- Work required
Transcribe exactly, and only, the lines that fall between the line containing "Vintage Confetti Lucite" and the last line of the material, both ends included, omitting any pictures.

- Recorded information
__________________________________________________
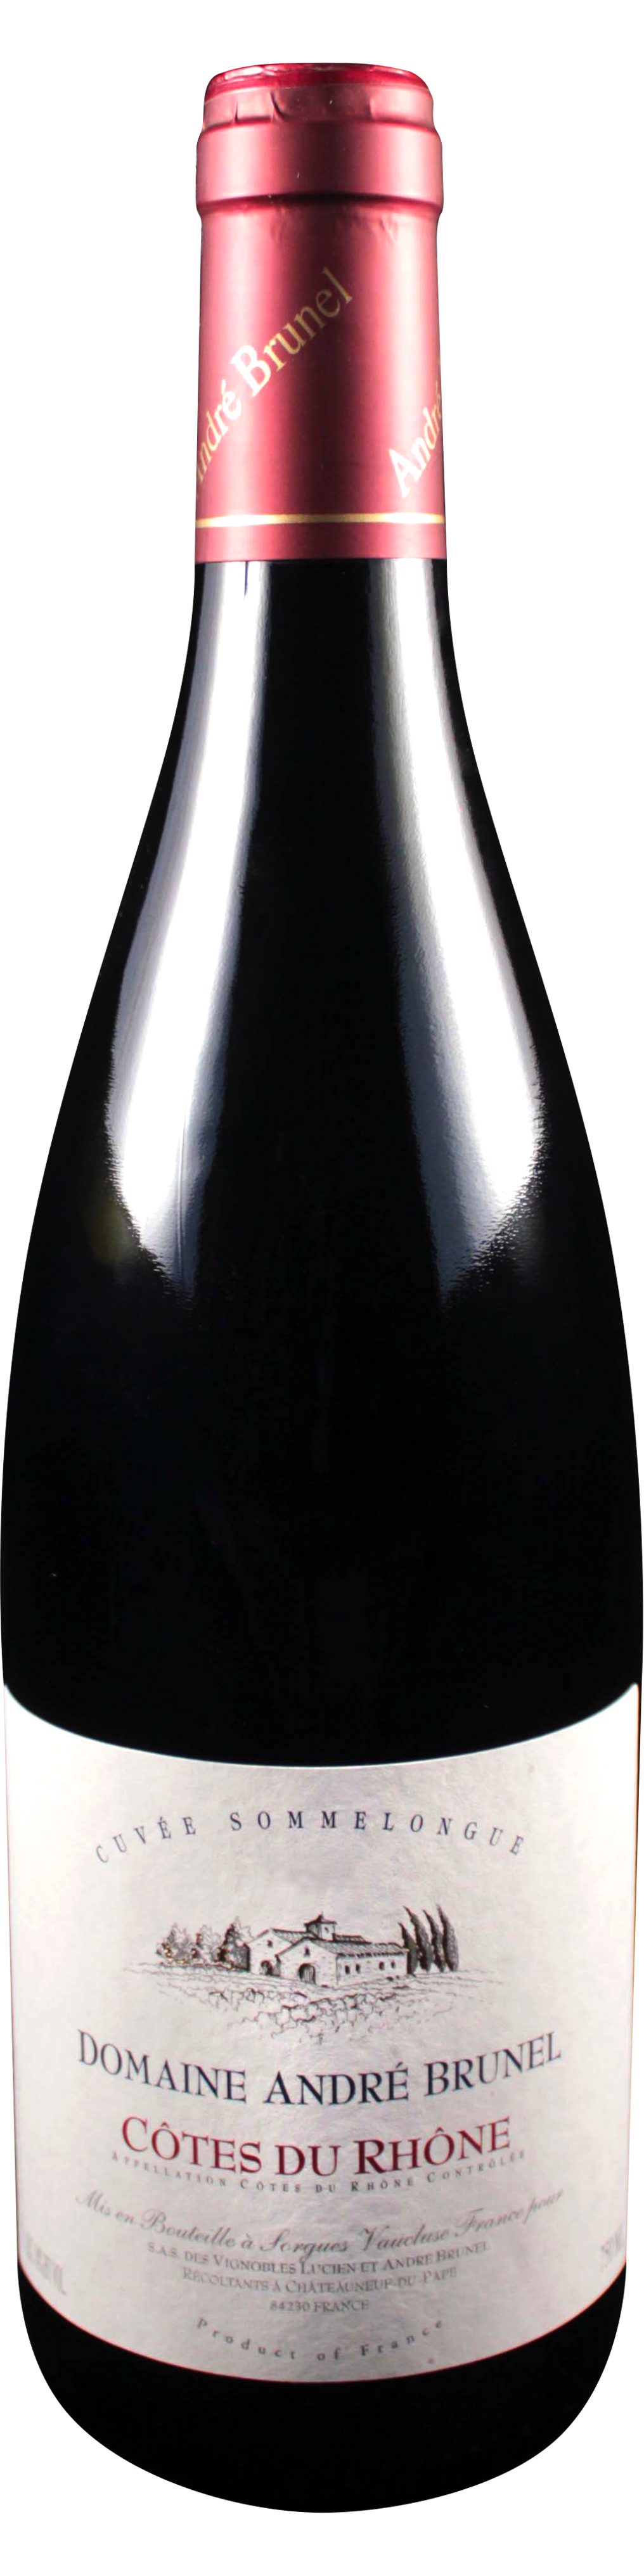 Bottle shot of 2011 Côtes du Rhône Rouge Sommelongue
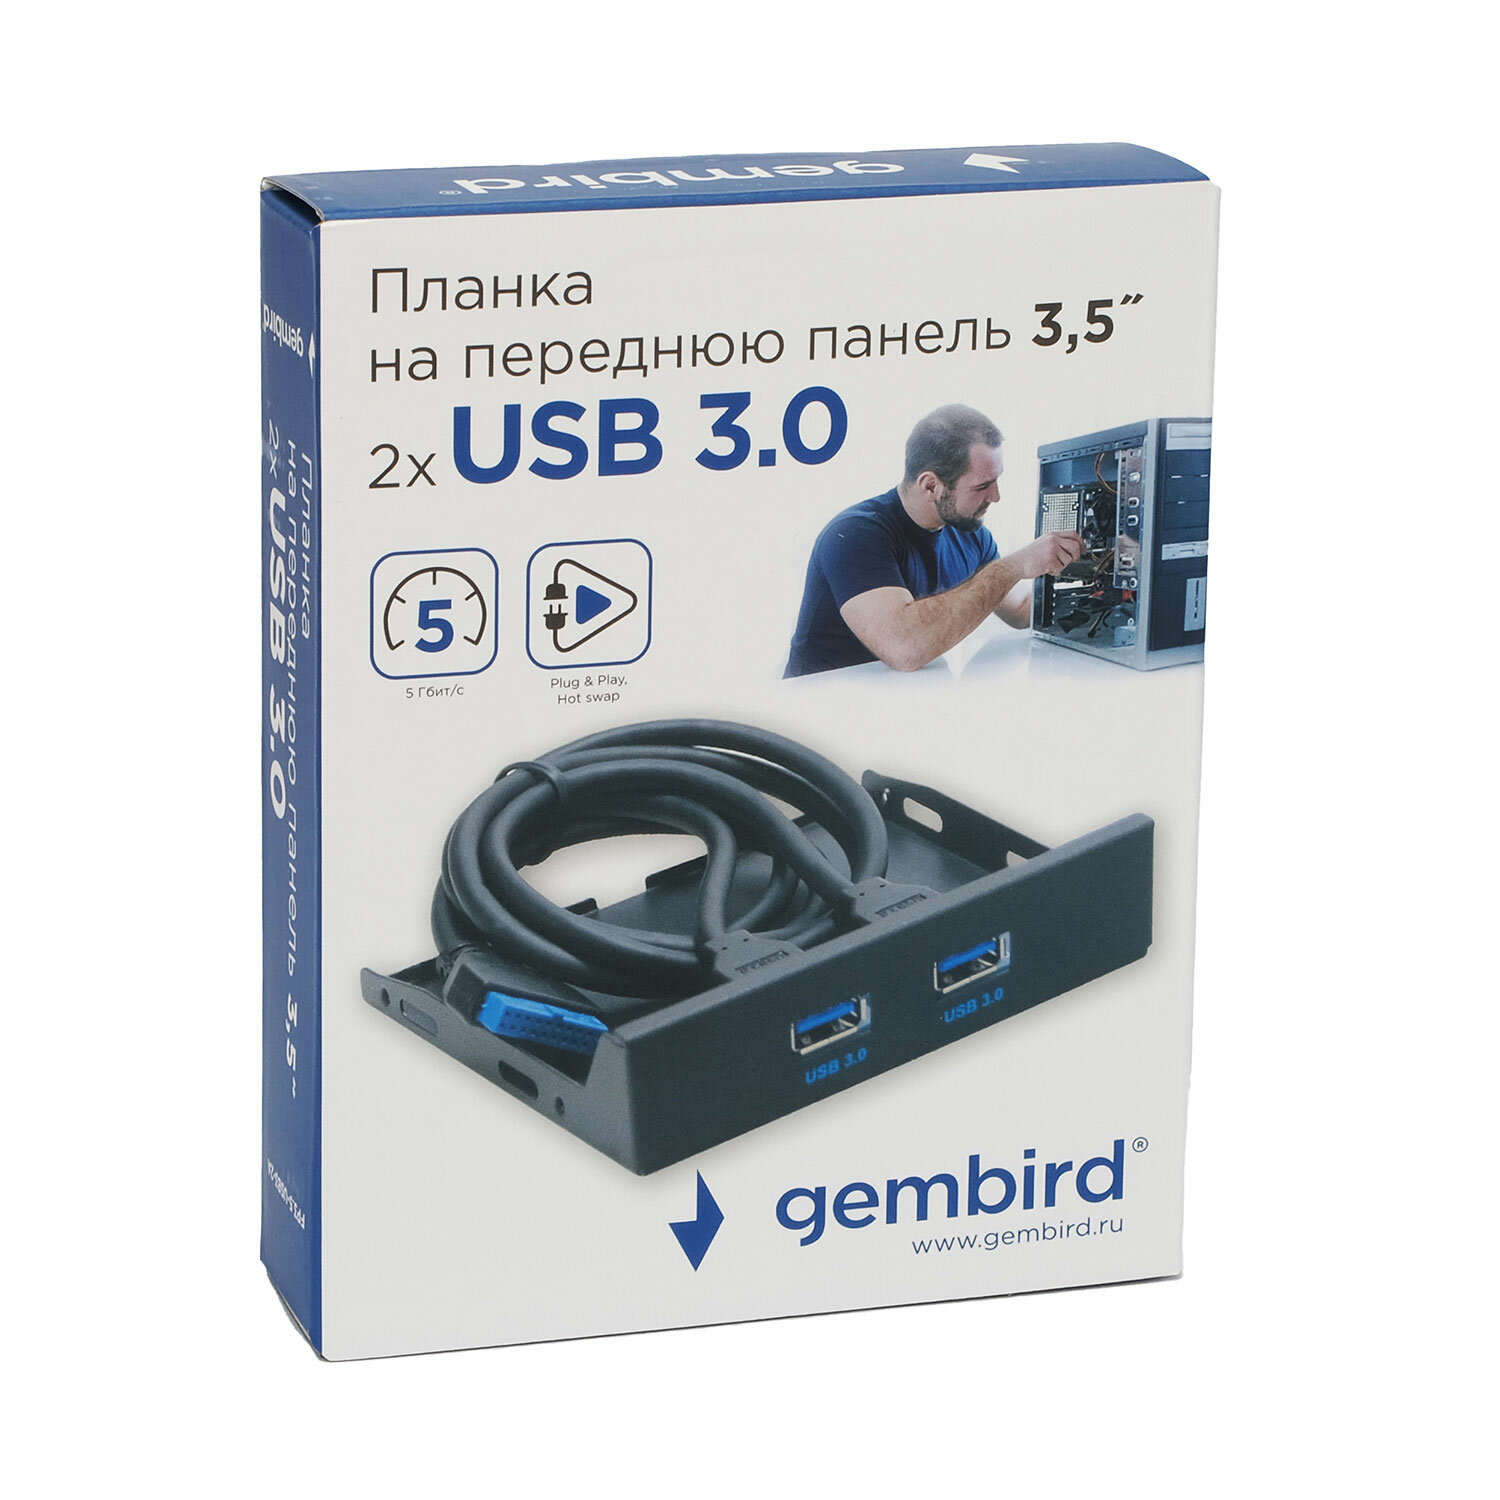 Планка USB 3.0 на переднюю панель 3.5" Gembird 2xUSB-A 3.0
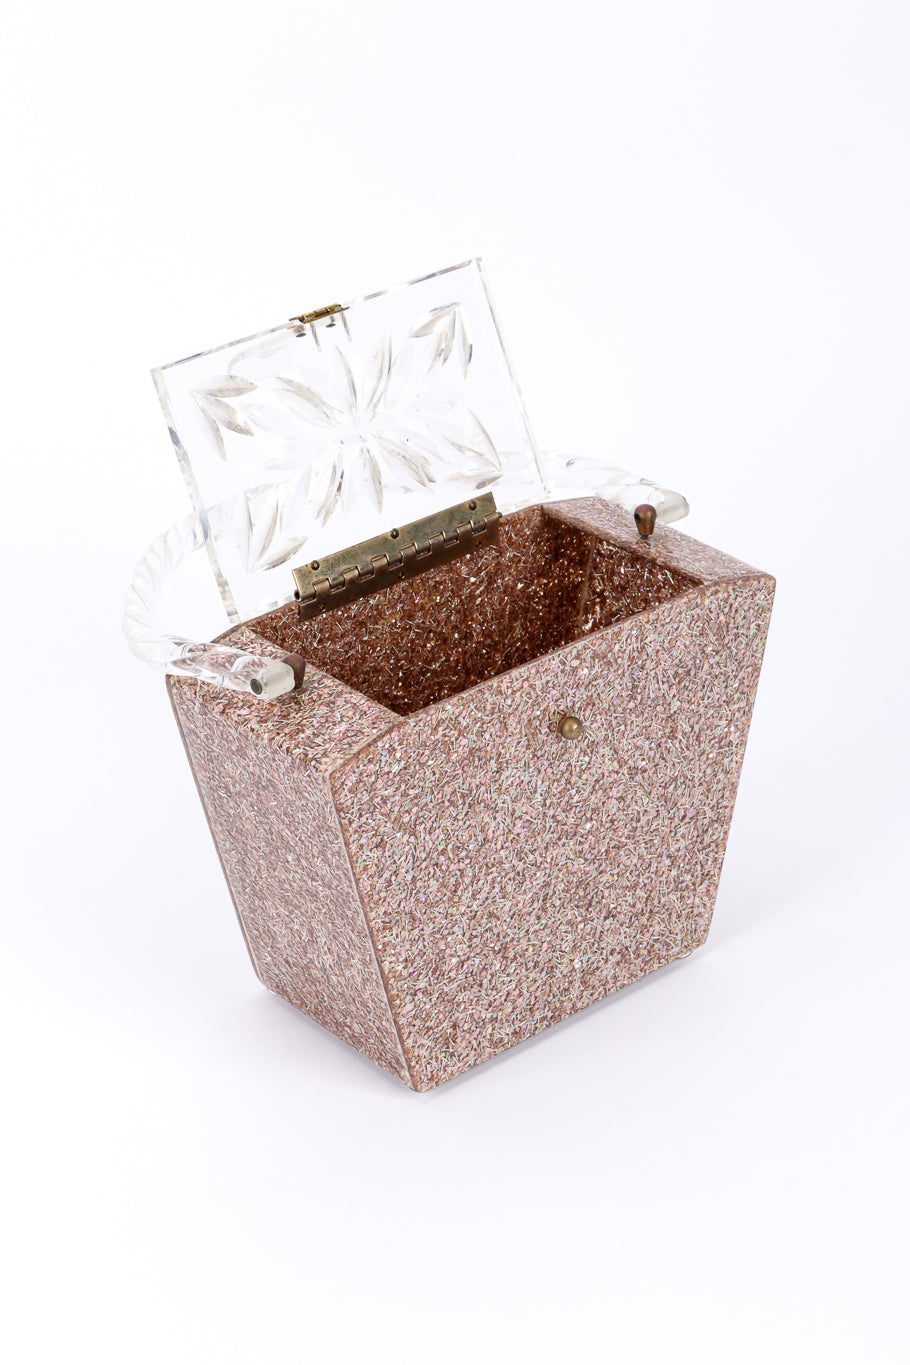 Vintage Confetti Lucite Box Bag 3/4 front open lid @recessla
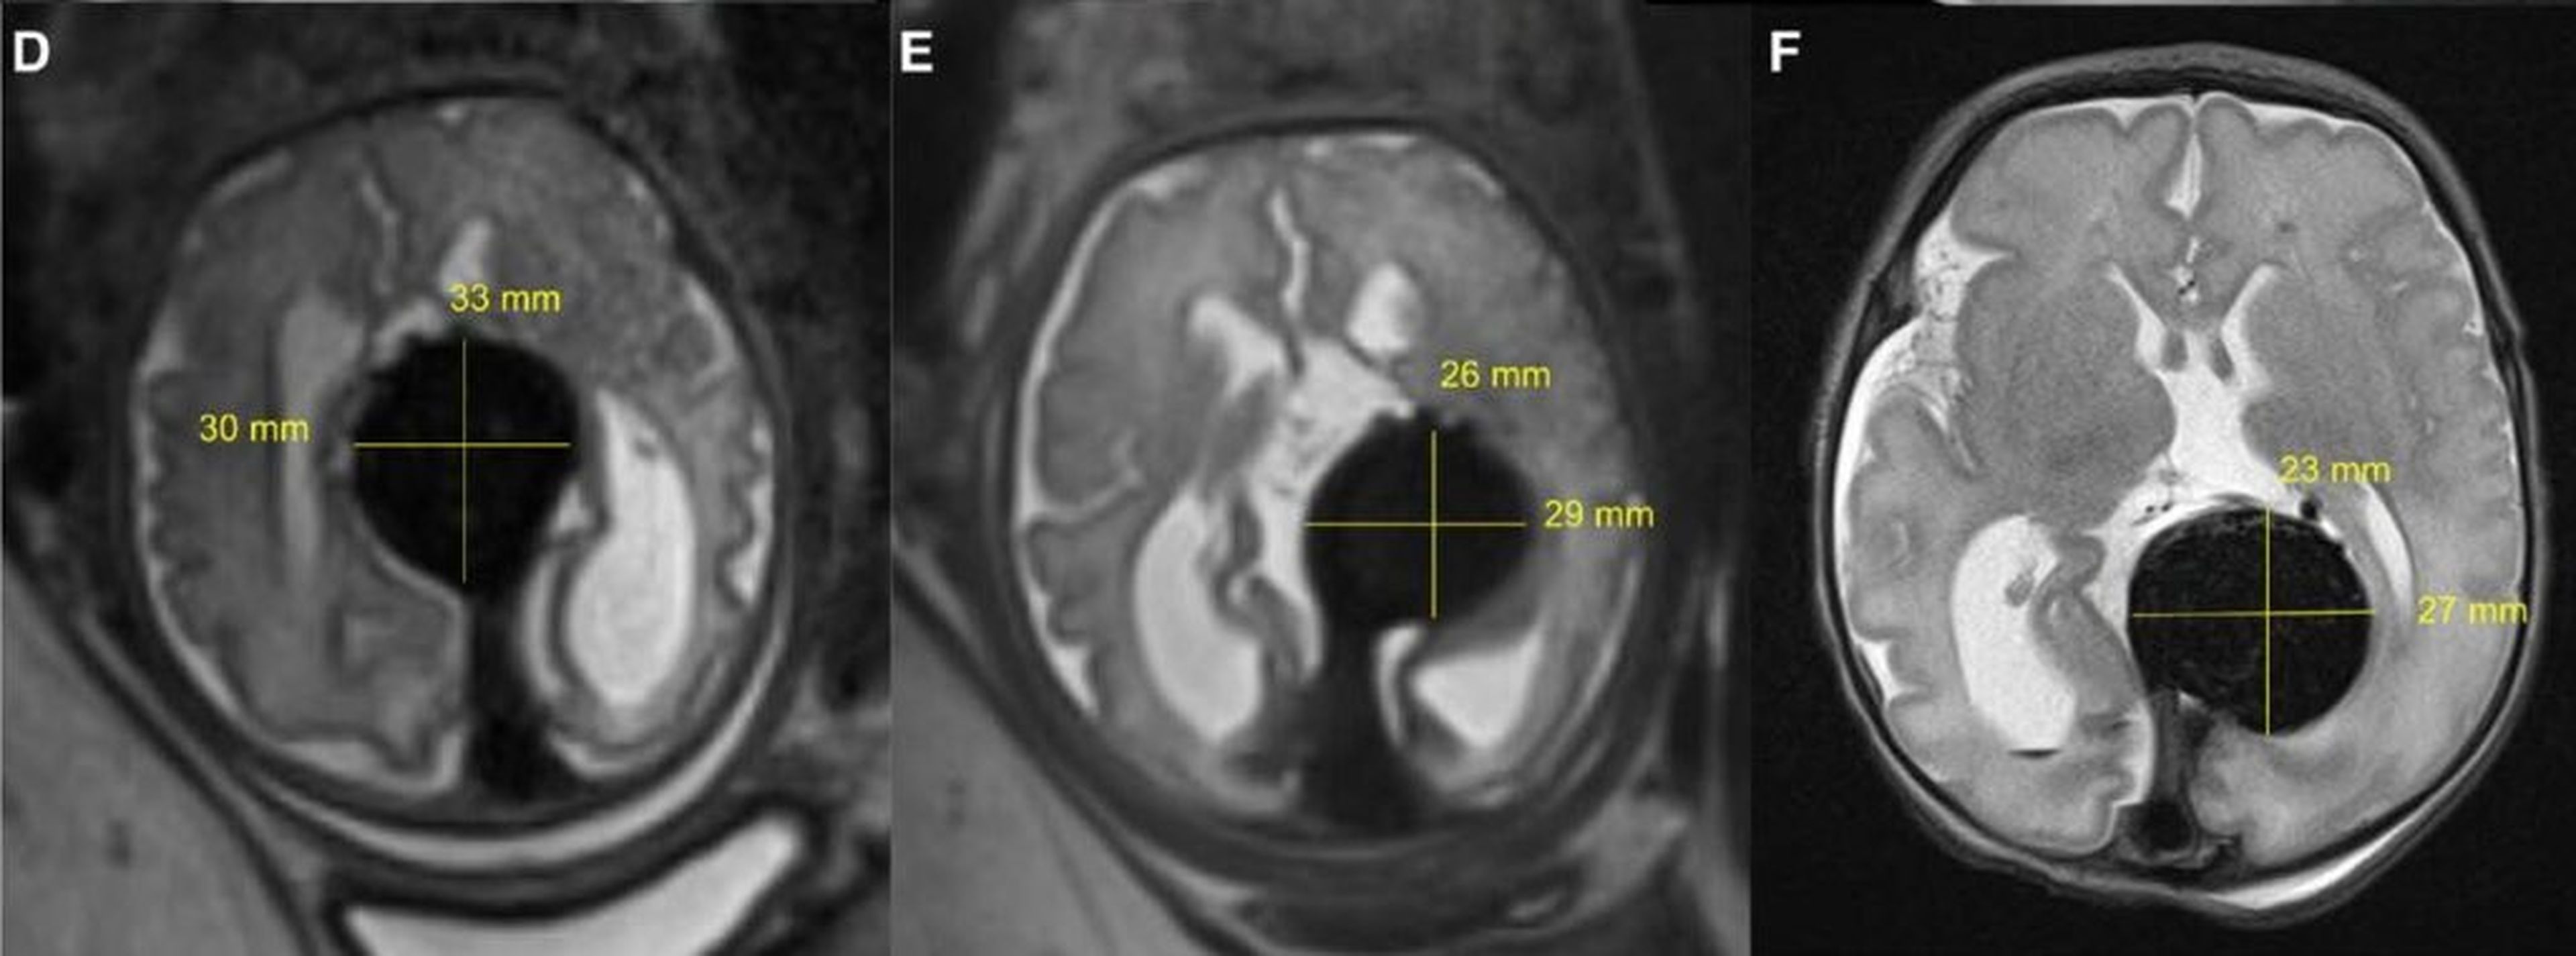 Escáneres del cerebro del bebé que muestran el tamaño de la anomalía a medida que se reduce, desde la izquierda: antes de la embolización, justo después y justo después de nacer el bebé.
__________________________________________________
- Response
 Vintage Confetti Lucite Box Bag 3/4 front open lid @recessla
 Escáneres del cerebro del bebé que muestran el tamaño de la anomalía a medida que se reduce, desde la izquierda: antes de la embolización, justo después y justo después de nacer el bebé.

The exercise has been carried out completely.